Although atopic sensitization is one of the strongest risk factors for asthma, its relationship with asthma is poorly understood. We hypothesize that ‘atopy’ encompasses multiple sub-phenotypes that relate to asthma in different ways.

Methods

In two population-based birth cohorts (Manchester and Isle of Wight – IoW), we used a machine learning approach to independently cluster children into different classes of atopic sensitization in an unsupervised manner, based on skin prick and sIgE tests taken throughout childhood and adolescence. We examined the qualitative cluster properties and their relationship to asthma and lung function.

Results

A five-class solution best described the data in both cohorts, with striking similarity between the classes across the two populations. Compared with nonsensitized class, children in the class with sensitivity to a wide variety of allergens (~1/3 of children atopic by conventional definition) were much more likely to have asthma (aOR [95% CI0; 20.1 [10.9–40.2] in Manchester and 11.9 [7.3–19.4] in IoW). The relationship between asthma and conventional atopy was much weaker (5.5 [3.4–8.8] in Manchester and 5.8 [4.1–8.3] in IoW). In both cohorts, children in this class had significantly poorer lung function (FEV1/FVC lower by 4.4% in Manchester and 2.6% in IoW; < 0.001), most reactive airways, highest eNO and most hospital admissions for asthma (< 0.001).

Conclusions

By adopting a machine learning approach to longitudinal data on allergic sensitization from two independent unselected birth cohorts, we identified latent classes with strikingly similar patterns of atopic response and association with clinical outcomes, suggesting the existence of multiple atopy phenotypes.

Atopic sensitization is one of the strongest risks of developing asthma [1-3], and yet the relationship between the two is still poorly understood [4-6]. We speculate that one reason for this stems from a coarse clinical definition of the atopic phenotype [7, 8]. Atopy is conventionally defined as a positive allergen-specific serum immunoglobulin E (sIgE) or skin prick test (SPT) to any food or inhalant allergen [9] – a definition that ignores temporal trends and patterns of sensitivity to different allergens [9]. We propose that this is an oversimplification and that atopy encompasses multiple sub-phenotypes [10], as is often seen with complex clinical conditions.

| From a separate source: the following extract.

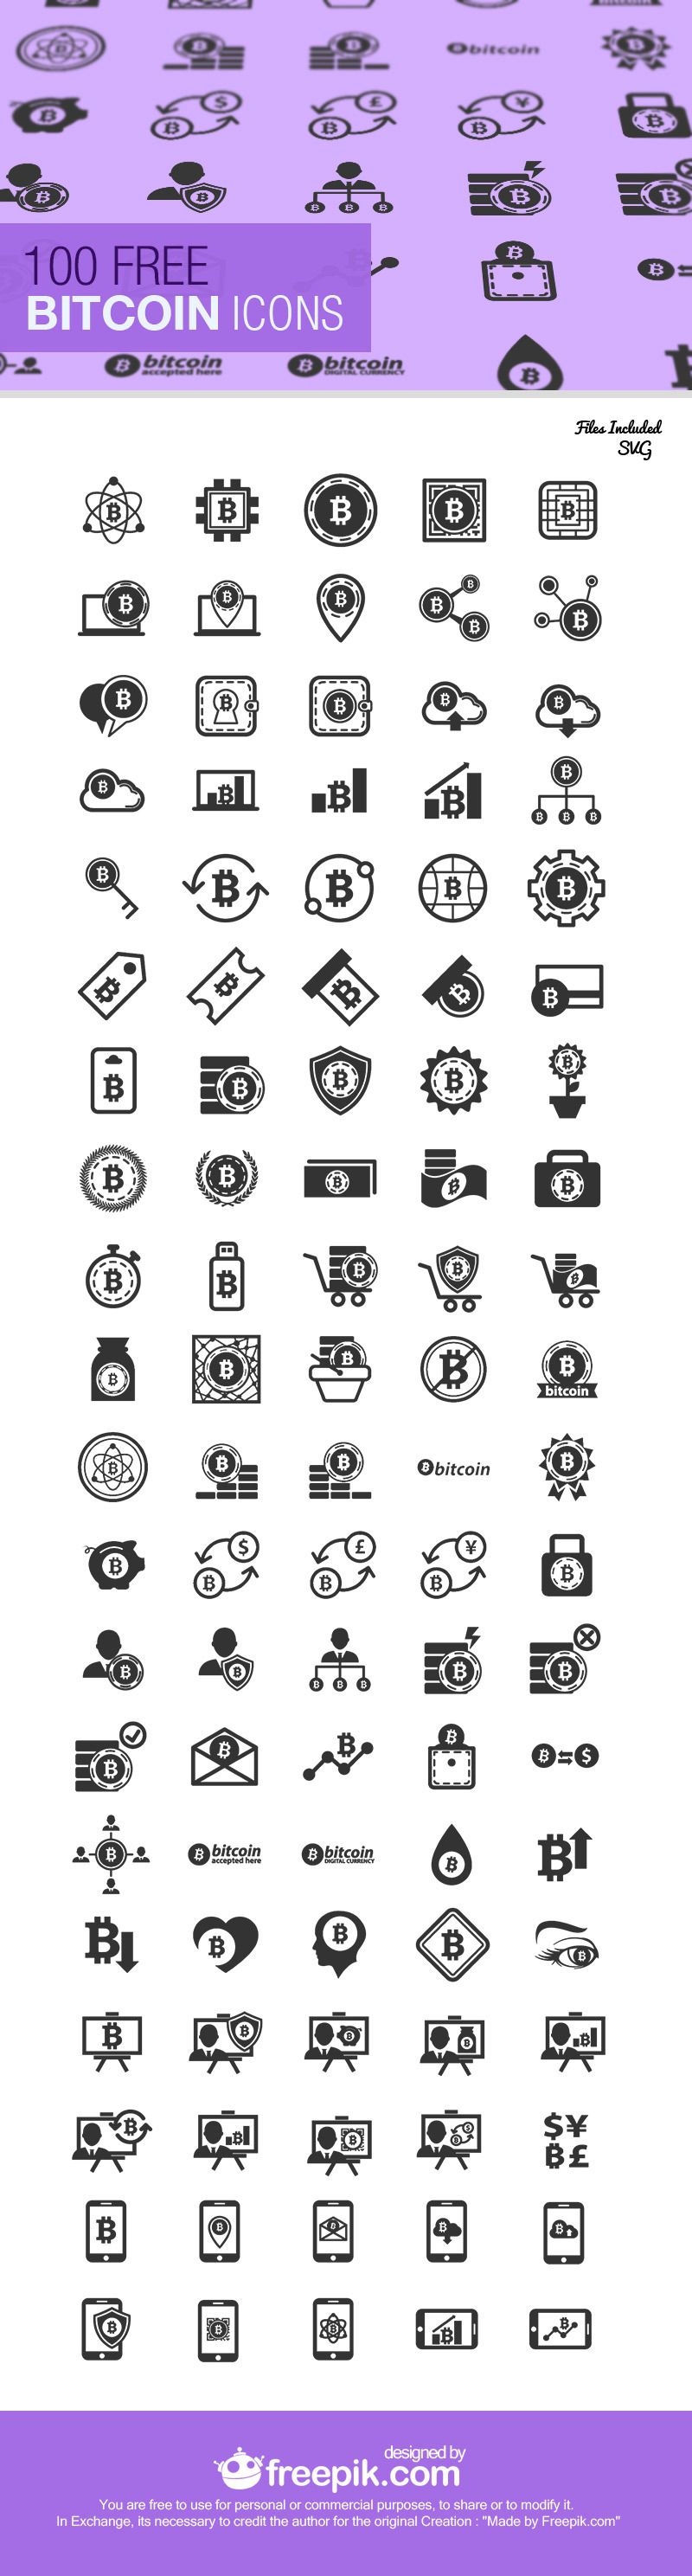 Coleção de ícones 100 Bitcoin

We hypothesize that identifying these sub-phenotypes can help elucidate the relationship between atopy and important clinical outcomes such as asthma, as well as aid in discovering consistent causal environmental and genetic risk factors.

New approaches are required to identify sub-phenotypes within complex, high-dimensional, longitudinal data sets, where underlying data patterns may not be immediately obvious. We propose that sub-phenotypes should be inferred using a statistical approach, capable of discovering latent structure in an unsupervised manner, while incorporating prior investigator knowledge and assumptions. Latent class analysis has previously been useful in identifying distinct asthma phenotypes [5, 11-15]. In a recent study, we used a machine learning approach to redefine atopy, moving from a dichotomous (atopic/nonatopic) to a five-class phenotype [10], where each class reflected a distinct temporal and qualitative pattern of atopic sensitization. Only one of these classes was unequivocally associated with asthma; the relationship between asthma and conventionally defined atopy was much weaker.

In this work, we evaluated the validity of the sub-phenotypes found in our previous study [10]. We inferred multinomial atopy phenotypes in two population-based birth cohorts. We compared the characteristics of the obtained phenotypes in the two cohorts qualitatively in terms of typical atopic sensitization patterns for each class. We then examined the associations between the new phenotypes and clinical outcomes, including asthma and lung function, contrasting our inferred phenotypes with conventionally defined atopy.

Methods

  1. Top of page
  2. Abstract
  3. Methods
  4. Results
  5. Discussion
  6. Acknowledgments
  7. Funding
  8. Author contributions
  9. Conflict of interest
  10. References
  11. Supporting Information

Study design, setting and participants

Manchester Asthma and Allergy Study (MAAS) is a population-based birth cohort (ISRCTN72673620) [16-18]. Participants were recruited prenatally and followed prospectively, attending review clinics at ages 1, 3, 5, 8 and 11 years. The Isle of Wight birth cohort study (IoW) is a whole population birth cohort study established in 1989 [2, 19-21]. Participants were recruited prenatally and followed prospectively with assessments at ages 1, 2, 4, 10 and 18 years. Both studies were approved by the local research ethics committees. Parents and participants, as appropriate, gave informed consent. For detailed descriptions of both cohorts, see online supplement.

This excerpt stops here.